Note that internally, i.e. in the font file, this setting is a pure number. This would explain why the OP couldn't find the string 'Light' anywhere in the file itself: what appears in the actual file is the number '300', not the string 'Light'.

More on Weight Class

That Weight Class is a number is documented e.g. here (look for usWeightClass). In principle it can be any integer between 1 and 999, but FontForge restricts it to be a multiple of 100. According to both FontForge and the linked document, the correspondences between these numbers and verbal descriptors ('Light', 'Regular', and so on) are as follows:

100 Thin
200 Extra-Light
300 Light
400 Regular
500 Medium
600 Semi-Bold
700 Bold
800 Extra-Bold
900 Black

(The linked document also includes 950 Extra Black.)

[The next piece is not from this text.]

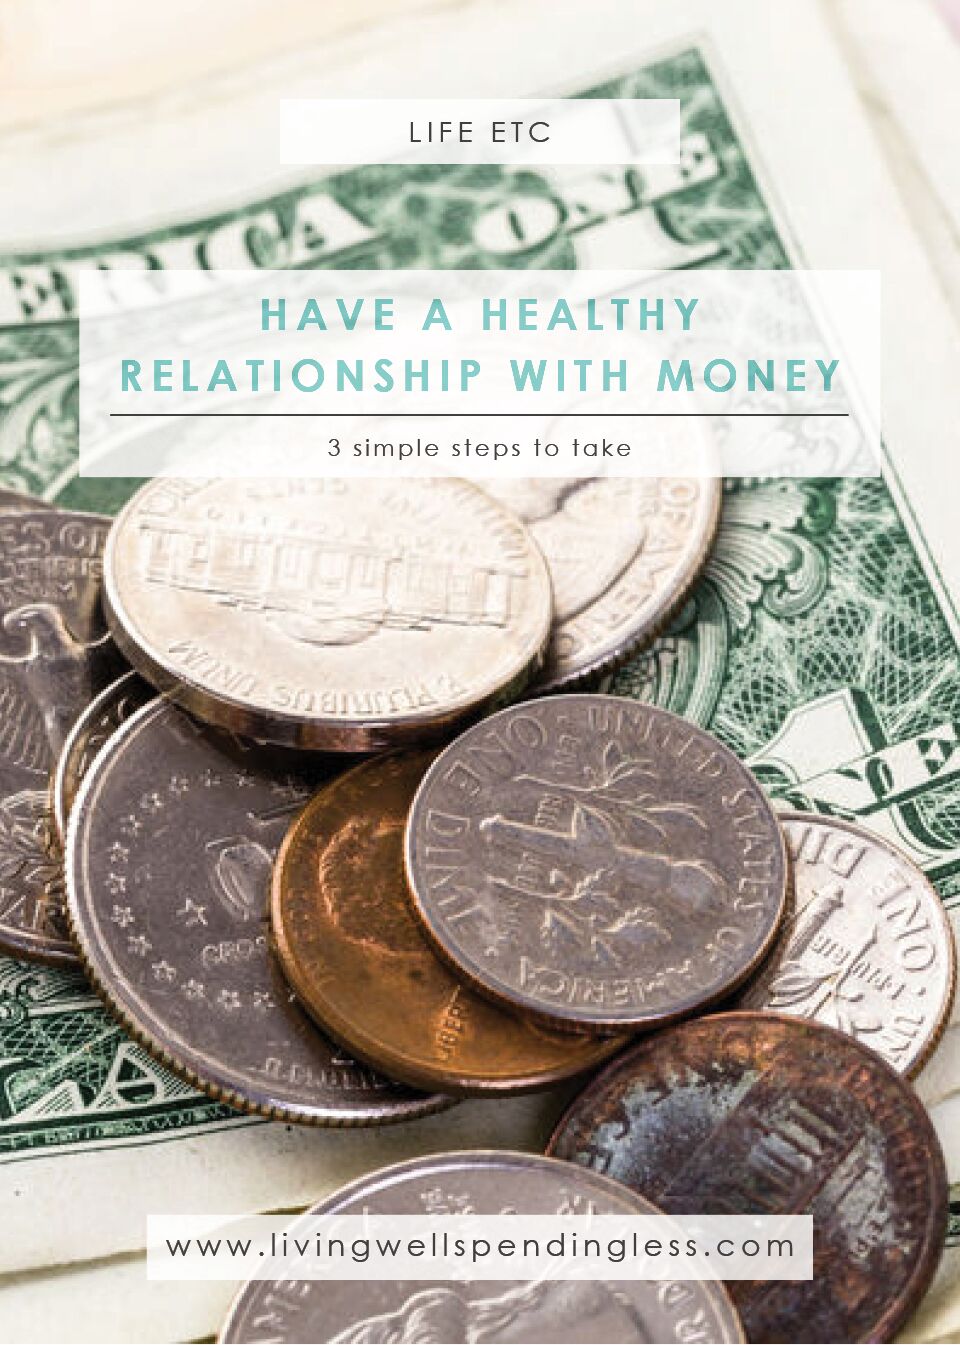 How to Have a Healthy Relationship With Money | Your Relationship with Money | Improve Your Relationship With Money

It seems that the verbal descriptor is added by FontForge for user convenience.

The following fact is an additional confirmation that this setting is internally a pure number: if the same font is opened in a different font manager, what is shown is just the number, without the verbal descriptor. For example, open the same font in the Typograph font manager. (I'm running this under wine; Typograph is a commercial product, but you can download it and use certain features—like the ones I'm about to describe—even without buying it.) Right-click on the font, select Properties, select the tab called Metric, and look under 'Windows metric data'. There will be an entry called 'WeightClass'. This will be a pure number, the same number as the number that appears in FontForge under OS/2 Weight Class.

How to change theOS/2 Weight Class in FontForge

Open the font in FontForge. In FontForge's menu bar, select Element, then Font Info… In the window that opens, on the left, select OS/2. In the main area, make sure the Misc. tab is selected, and look at the Weight Class field. Change it as necessary, press OK at the bottom of the window, and then generate (not save, generate) the font anew. (In other words, in FontForge's menu bar, select File, and then Generate Fonts…)

In my case, Weight Class was originally set to 400 Regular. But then I changed it to 300 Light, and this fixed the problem for me.